We want to seize this moment to make things happen. We also want to realize that the types of changes we are looking for are not quick, easy, or without resistance. Racism doesn’t go away, it just gets quiet. It has taken 400 years to get us to where we are. The apparatus, infrastructure, policies, practices, and prejudices will not fall quickly, easily, or without resistance. It is up to us, this time, to make sure we do the hard work, the sustained work, the detailed work, to course-correct the systems, protections, and institutionalized biases that have persisted for generations. 

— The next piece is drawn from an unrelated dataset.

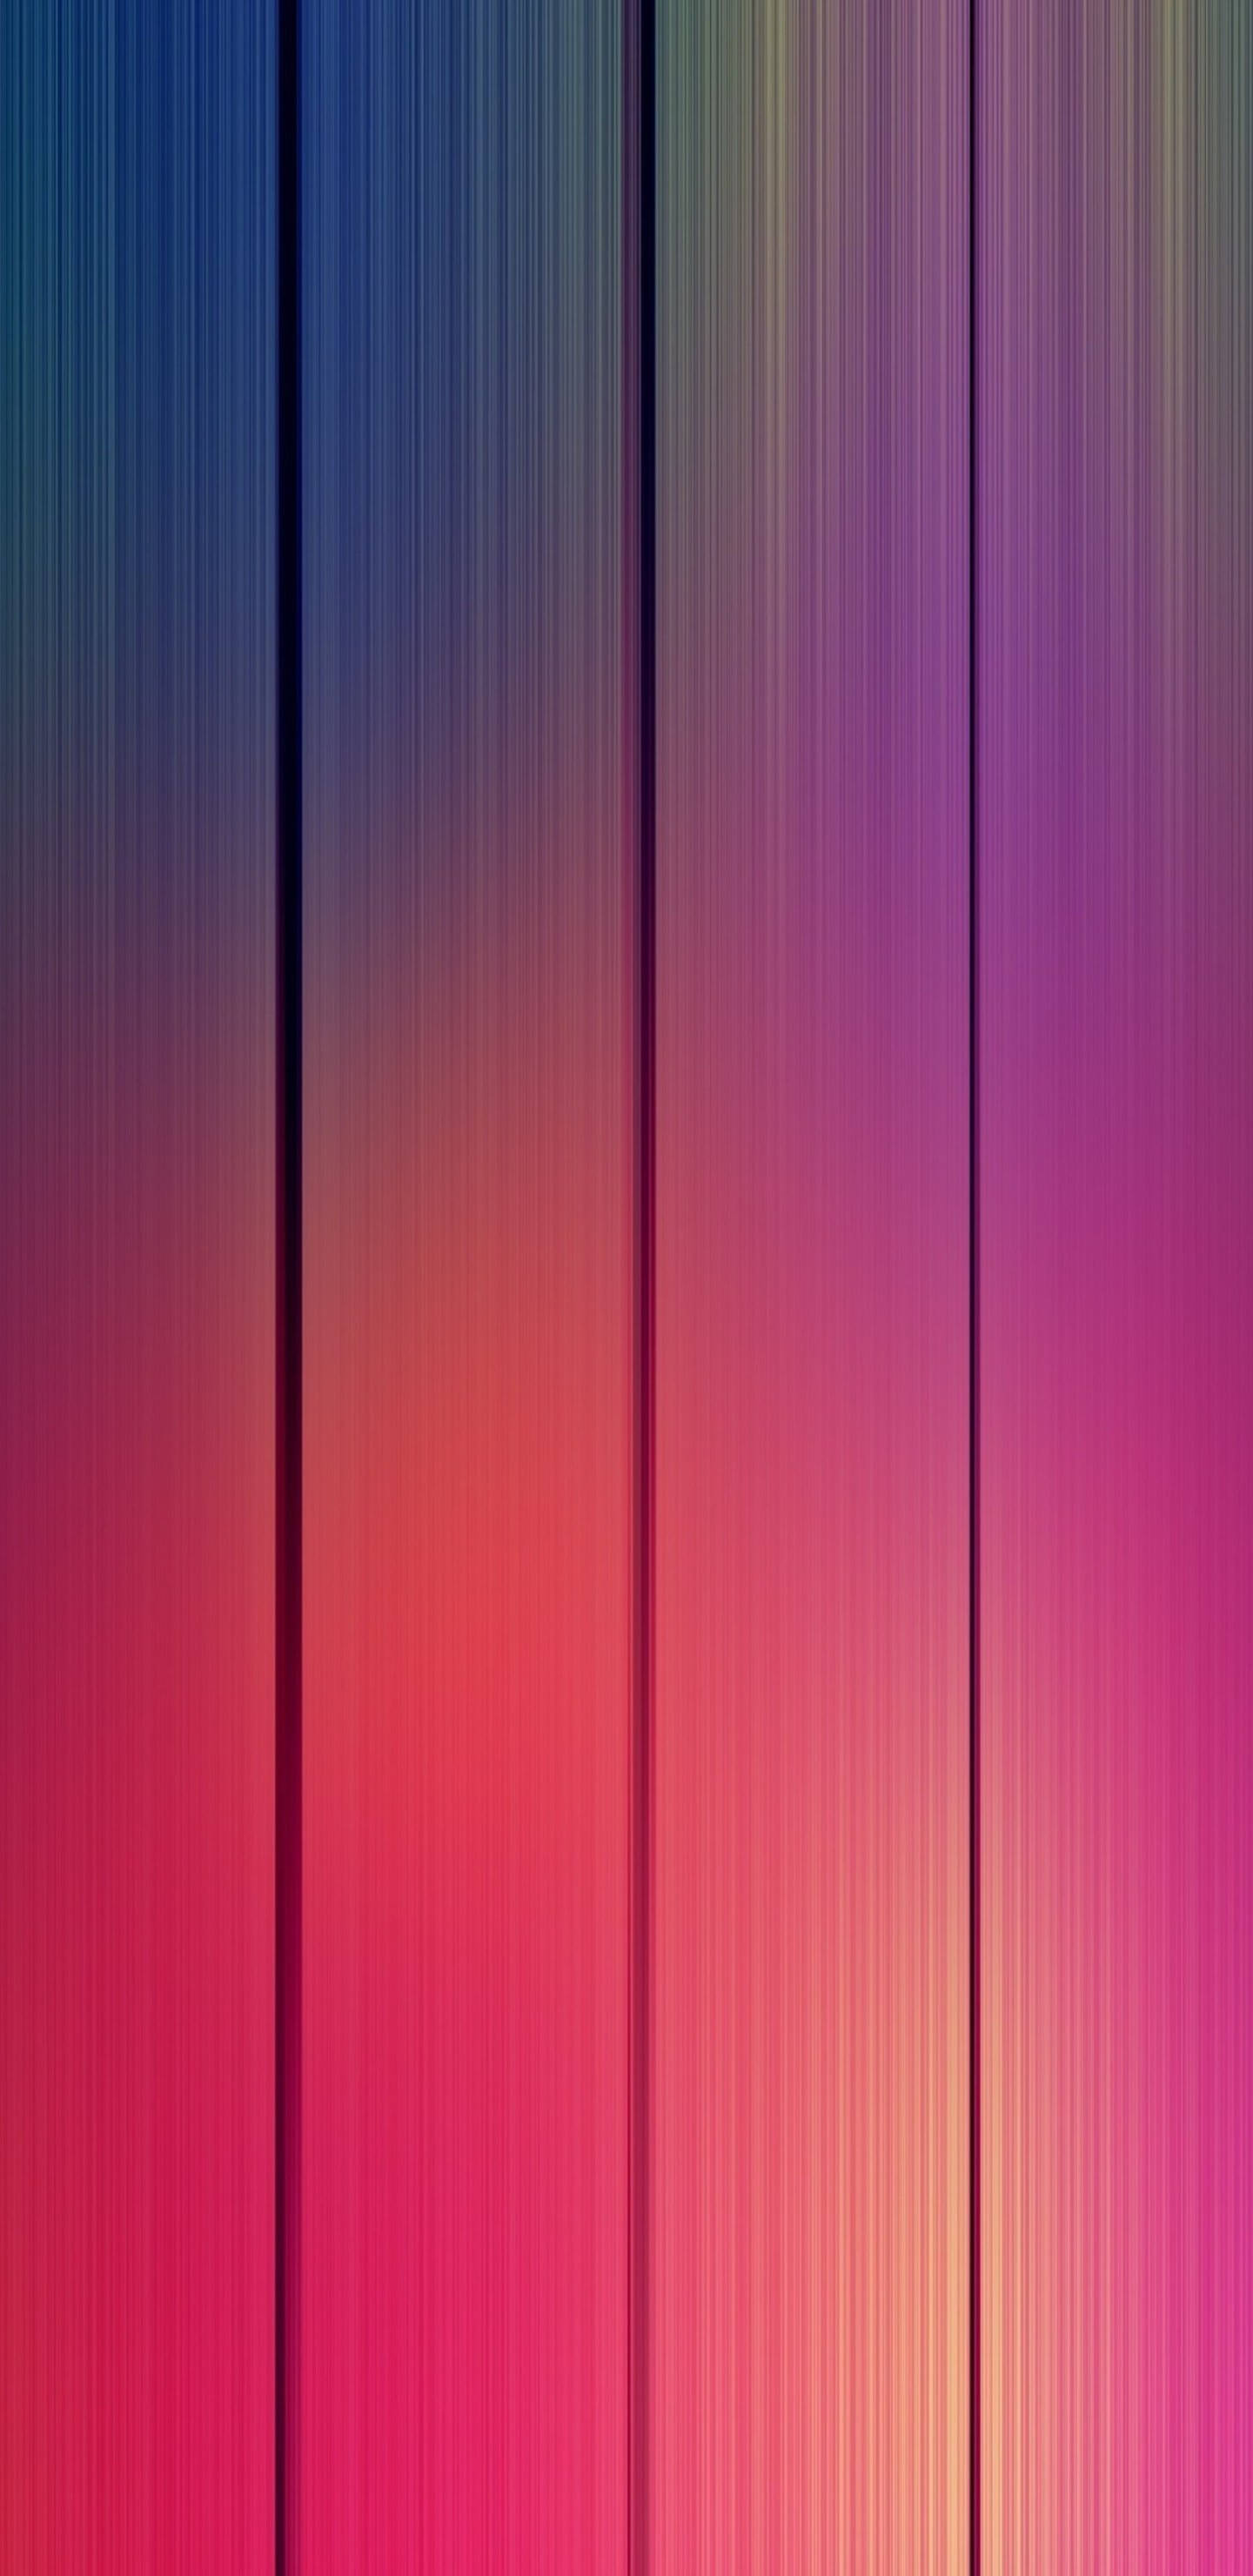 Download Pixel 3 Xl Colorful Wood Panels Wallpaper

We have momentum. We have the spark of absolute intolerance for how things are. We have the urgency of the many to move quickly. We have so much momentum right now. Things are different this time. Neutral is no longer OK. Let’s keep the pressure on, keep the cameras rolling, keep overcoming the backlash, keep working on all the vestiges of the old thinking that no longer serve us. 

There are so many more good people in our country. It is the invisible infrastructure, policies, algorithmic proxies (e.g., zipcode vs. race used in loan decisions), fears, and stereotypes that we are going after. It will take a lot of good people doing a lot of good work, in a lot of important fields to make this all happen as quickly as we can make it.  

Now that you know what to expect. Let’s keep after it.